TASK TO COMPLETE
In the entries that follow, find the line containing "DC Batman wallpaper, text, monochrome, artwork, DC" and the line containing "Pride Mobility Quantum", then retype exactly the lines from the first through the second, pictures excluded.

**** MATERIAL FOR THIS TASK ****

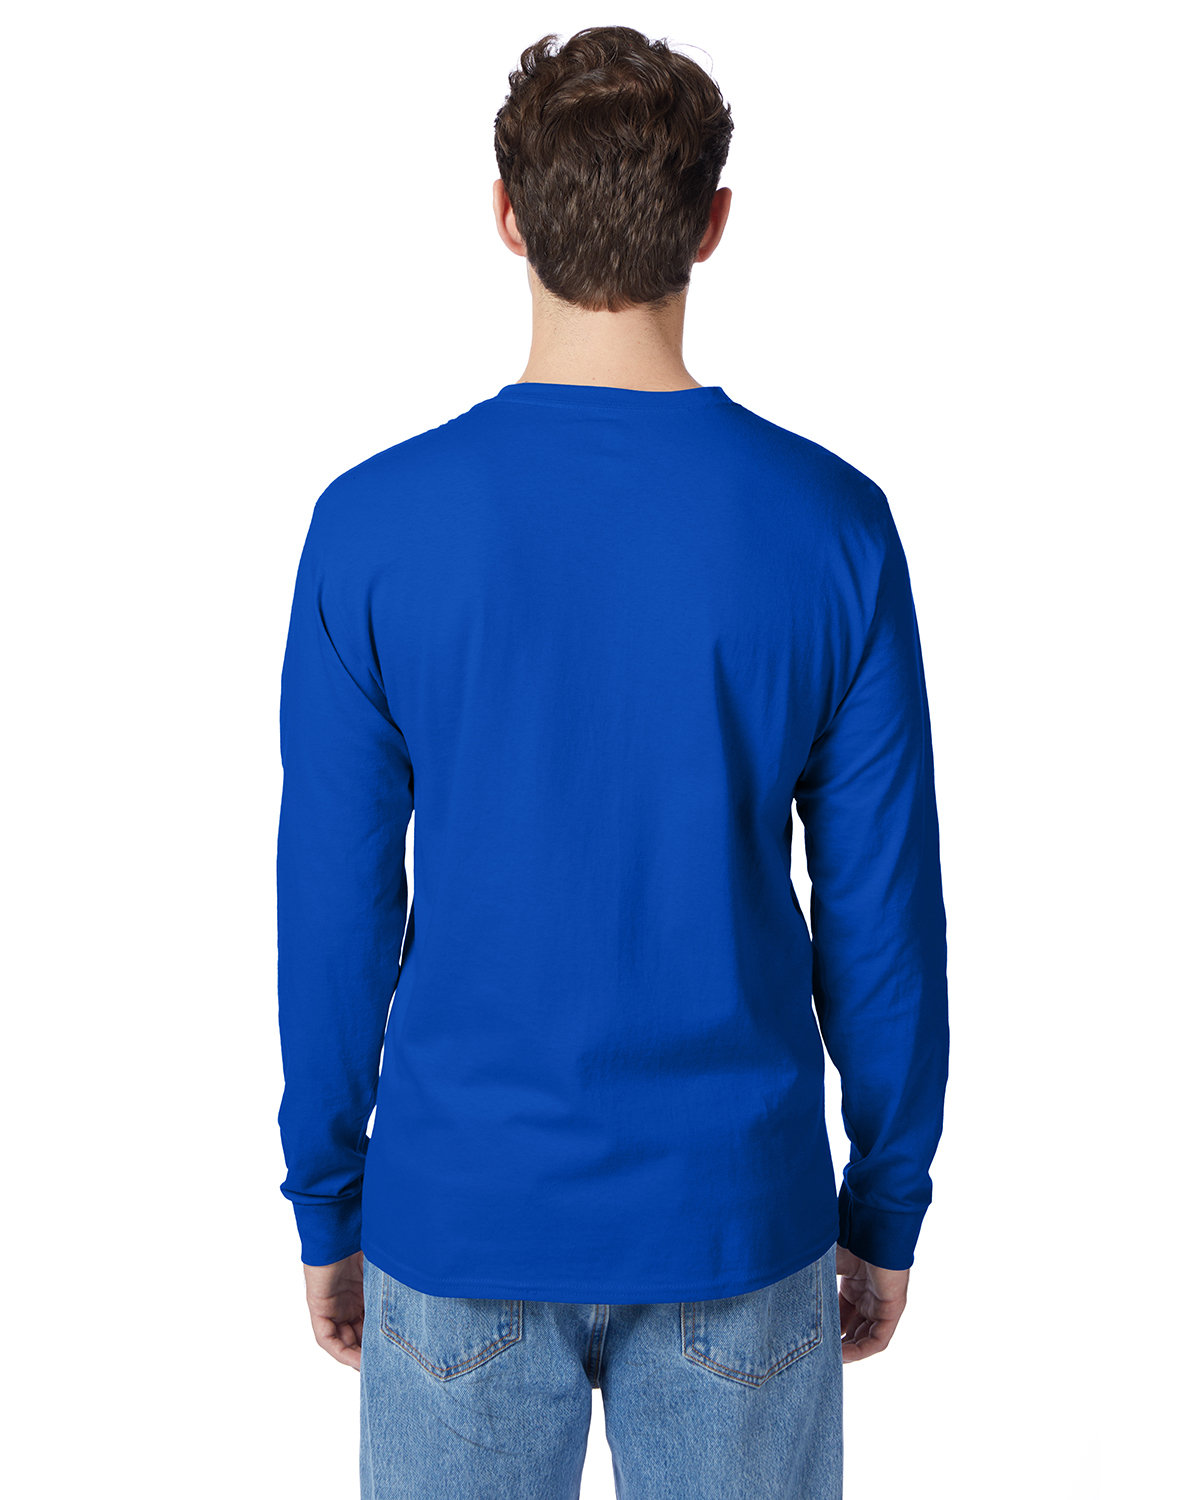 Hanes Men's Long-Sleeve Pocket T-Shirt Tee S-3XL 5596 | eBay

****
**** MATERIAL FOR THIS TASK ****

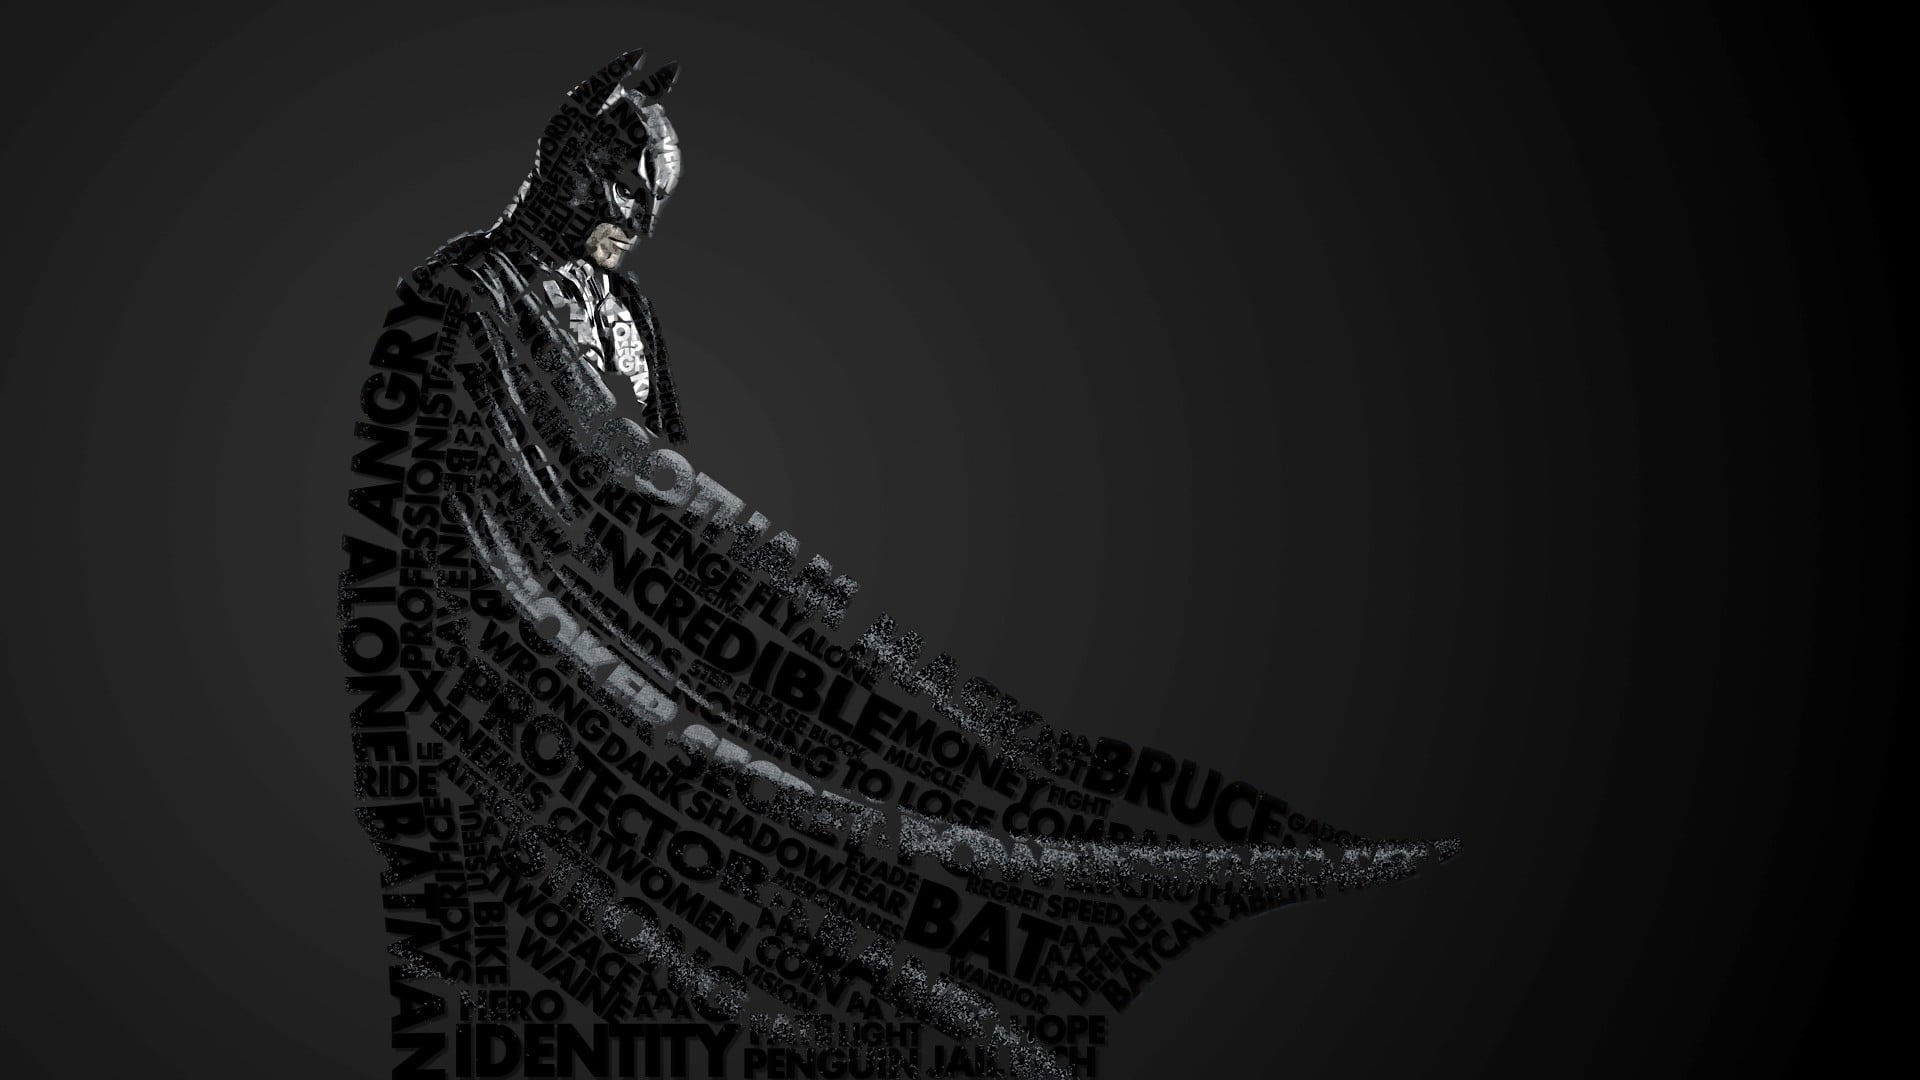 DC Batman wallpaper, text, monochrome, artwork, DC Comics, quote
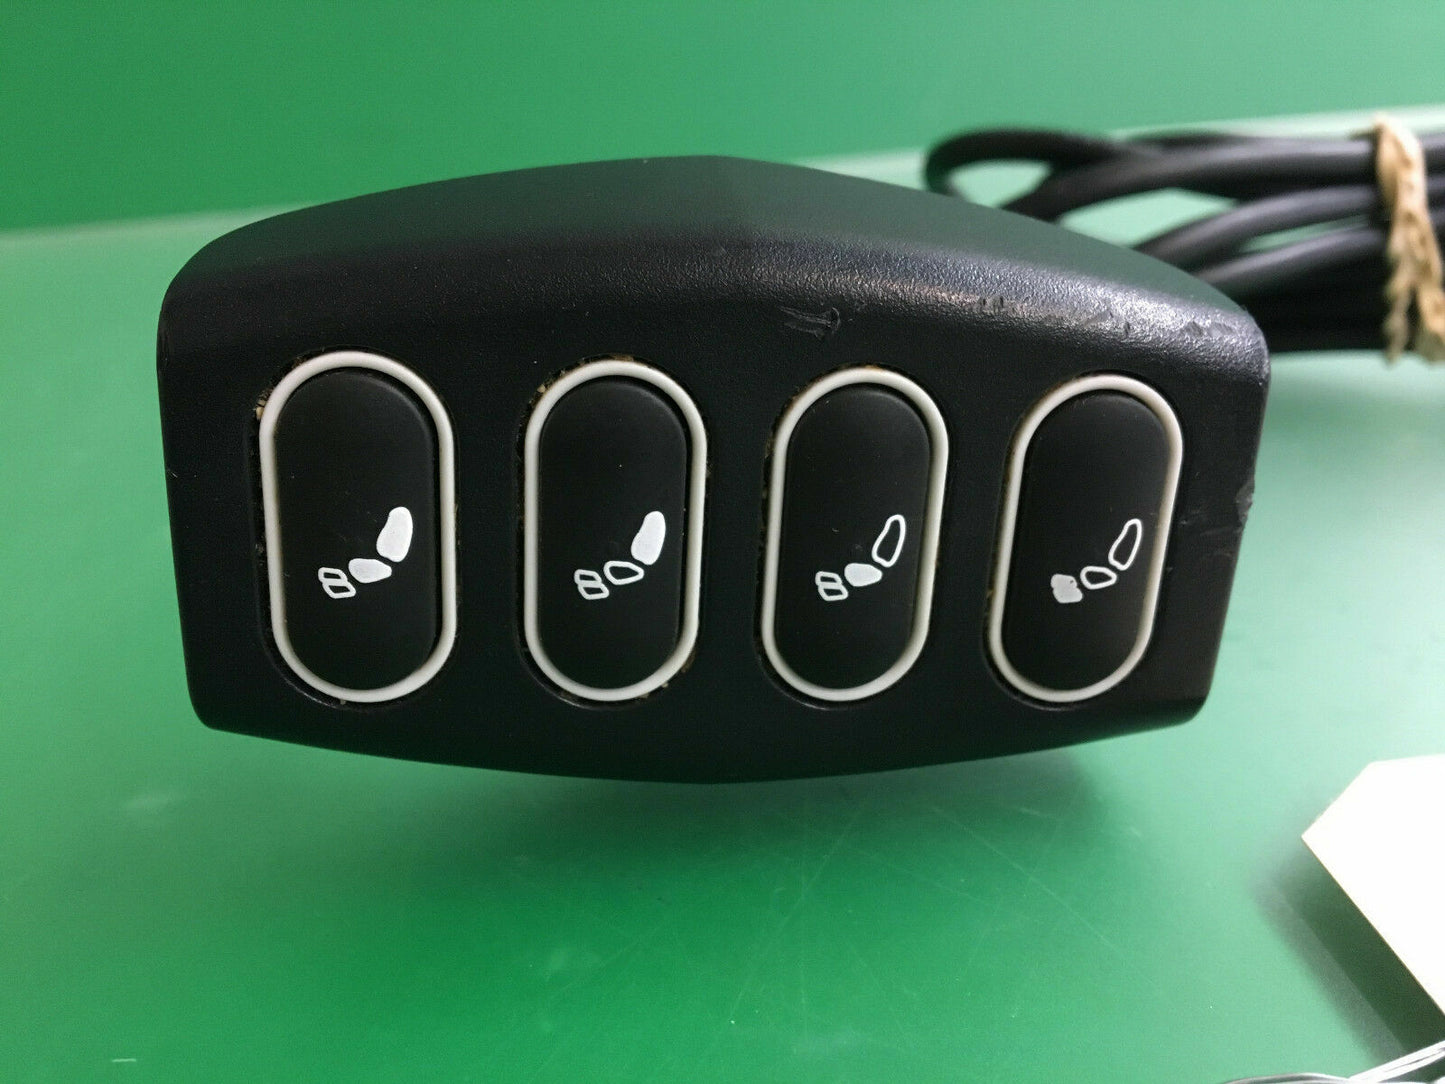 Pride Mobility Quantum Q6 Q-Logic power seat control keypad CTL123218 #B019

****

ANSWER SECTION
 DC Batman wallpaper, text, monochrome, artwork, DC Comics, quote
 Pride Mobility Quantum Q6 Q-Logic power seat control keypad CTL123218 #B019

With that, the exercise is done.